Lvmh si conferma azienda leader del lusso nel mondo e anche il 2024 conferma ricavi importanti per la multinazionale di Bernard Arnault. I risultati dei primi nove mesi del 2024 confermano l’ottimo momento del colosso francese che contiene il calo al 2% e chiude il periodo gennaio-settembre con oltre 60 miliardi di ricavi.
“L’attesa per i dati era spasmodica – ha evidenziato Giulia Crivelli in un approfondimento su Il Sole 24 Ore -, alimentata anche da due altri fattori: il rallentamento della Cina e i vari pacchetti di stimolo messi sul tavolo da Pechino e l’incertezza che avvolge l’alta gamma, non solo per fattori geopolitici ma per i cambiamenti in atto nelle abitudini di consumo delle persone alto-spendenti, sulla cui esegesi si stanno esercitando in tanti, forse troppi, in un’atmosfera che assomiglia al panico e che ha portato, nelle ultime settimane, a vorticosi giri di poltrone e sostituzioni di stilisti e manager e a una rinnovata corsa a eventi simil-faraonici che sembrano fatti per stordire, più che per risolvere problemi o sciogliere dubbi”.
“I ricavi complessivi sono passati del 2% da 62,205 miliardi del periodo gennaio-settembre 2023 a 60,753. Il calo maggiore è stato quello del comparto Wine&Spirits (-11%), seguito dagli orologi (-5%), mentre è positivo il settore dei profumi e cosmetici (+3%). il dato sarebbe stabile a perimetro e cambi costanti, ma, appunto, in calo del 2% considerando le variazione di perimetro e a cambi correnti.

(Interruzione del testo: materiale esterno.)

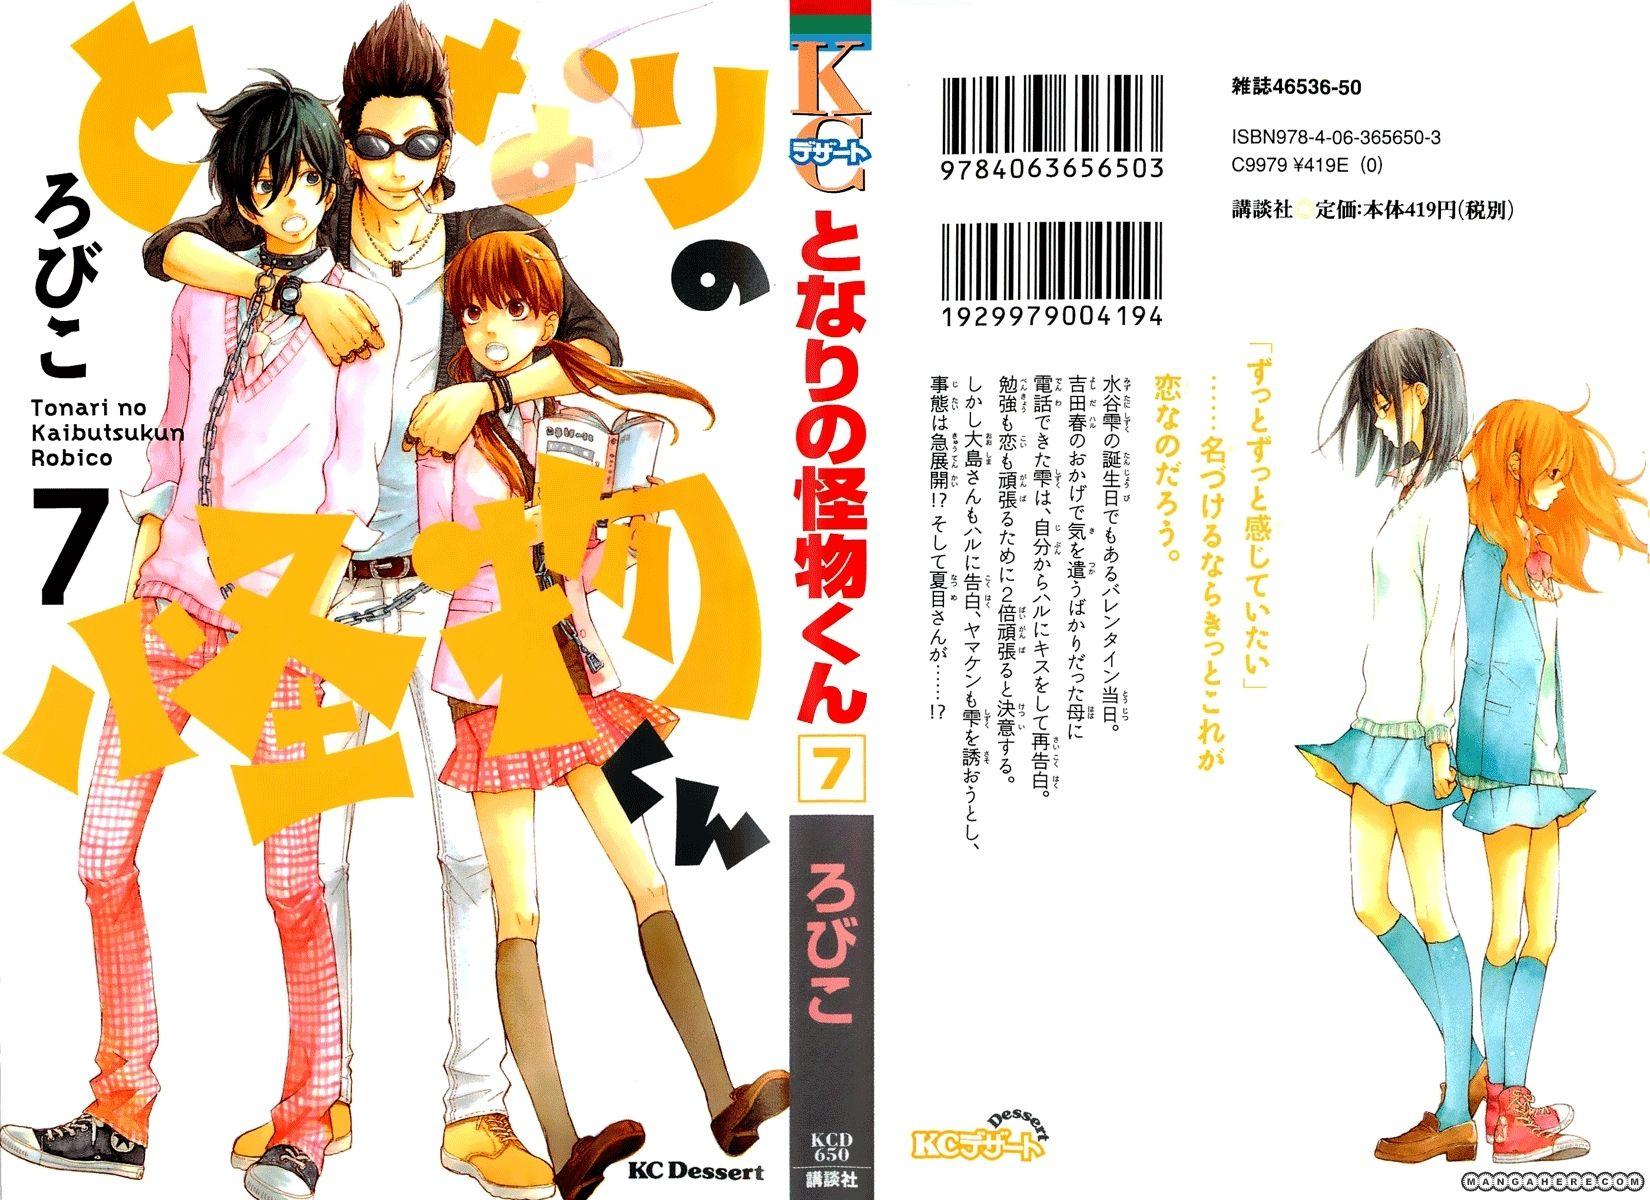 Tonari no Kaibutsu-kun 25 Page 1
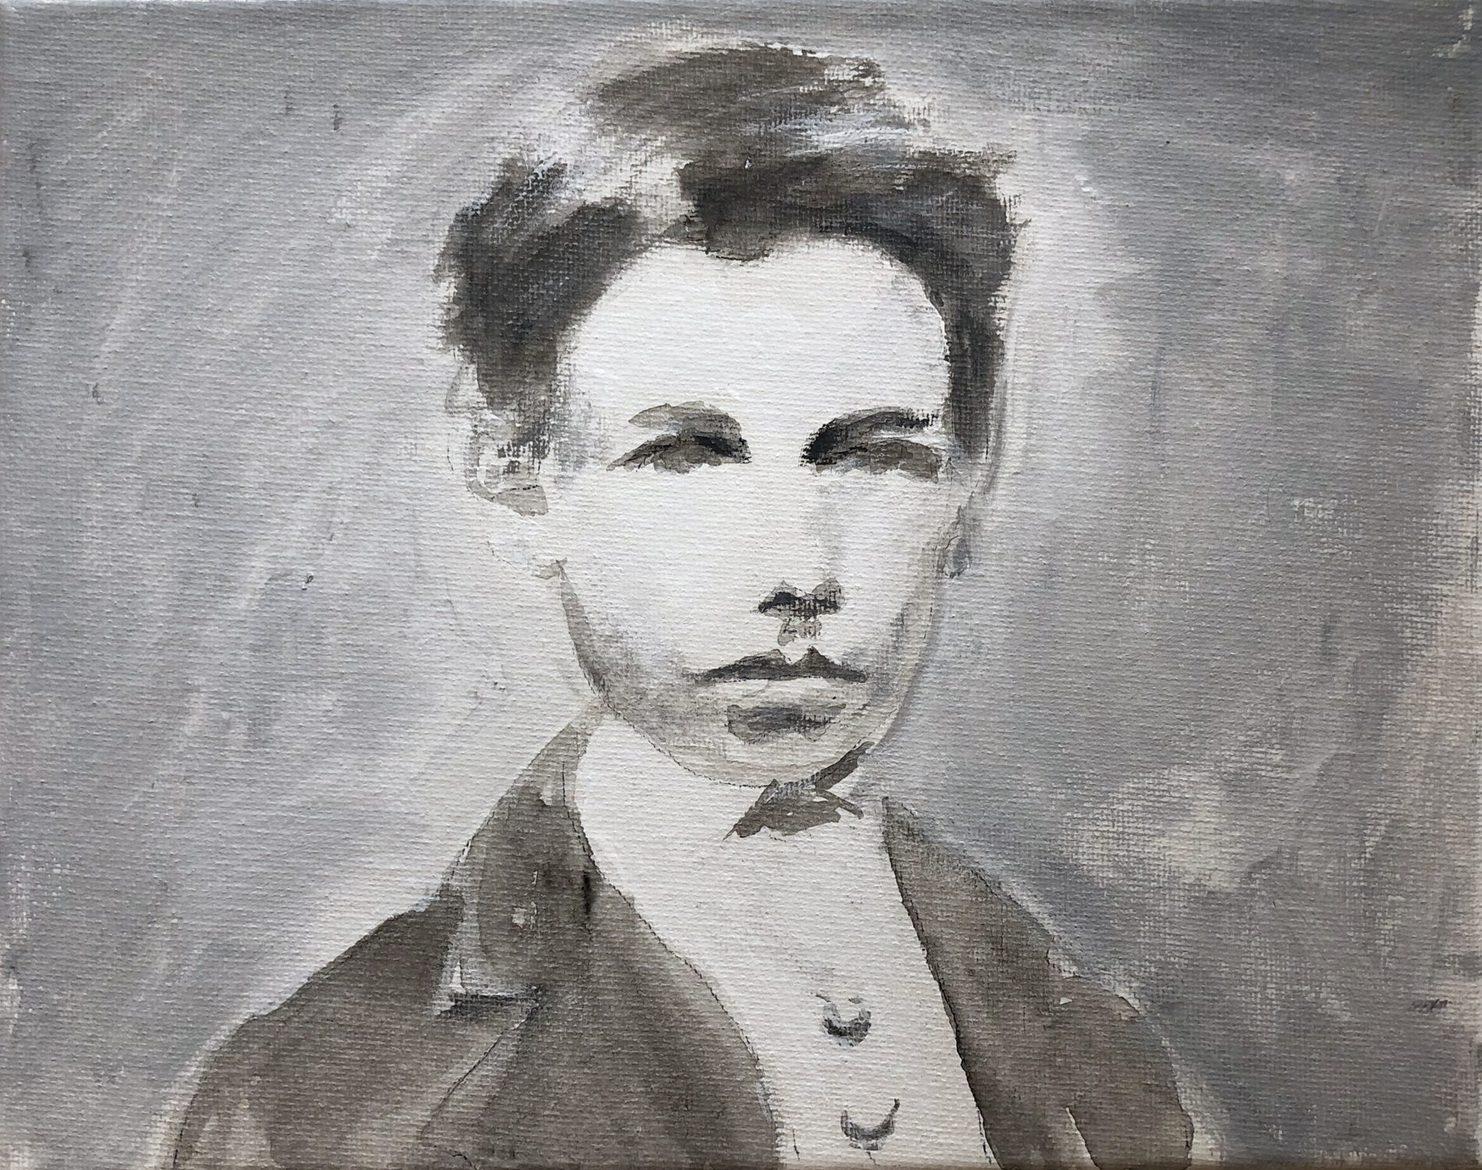 Tim Johnson, 'Arthur 1871 (2)', 2019, acrylic on canvas, 20 x 25 cm

L’Europa e gli Stati Uniti hanno registrato una leggera crescita a perimetro e valuta costanti mentre il Giappone ha continuato a registrare una crescita del fatturato a due cifre; il resto dell’Asia ha rispecchiato in particolare la forte la forte crescita della spesa dei clienti cinesi in Europa e in Giappone”. “Nel terzo trimestre – segnala il gruppo – il leggero calo dei ricavi è dovuto principalmente alla minore crescita registrata in Giappone essenzialmente a causa del rafforzamento dello yen. In un contesto economico e geopolitico incerto il colosso francese rimane fiducioso e manterrà una strategia incentrata sul continuo miglioramento della desiderabilità dei suoi marchi, facendo leva sull’autenticità e la qualità dei suoi prodotti, sull’eccellenza della distribuzione e sull’agilità dell’organizzazione”.
L’Italia si conferma un’area strategica per Lvmh e la stagione 2024 ha fatto registrare un ottimo trend a Taormina, con risultati importanti per le boutique di Louis Vuitton, Dior ed anche nel nuovo punto vendita Loro Piana, aperto quest’anno. La proposta di Lvmh (che a Taormina vanta anche la proprietà di due gioielli dell’hotellerie, gli alberghi a cinque stelle Grand Hotel Timeo e Villa Sant’Andrea) si conferma uno dei punti di riferimento nell’economia della Perla dello Ionio, una presenza trainante nel panorama del lusso, che appare sempre più centrale nell’offerta in città.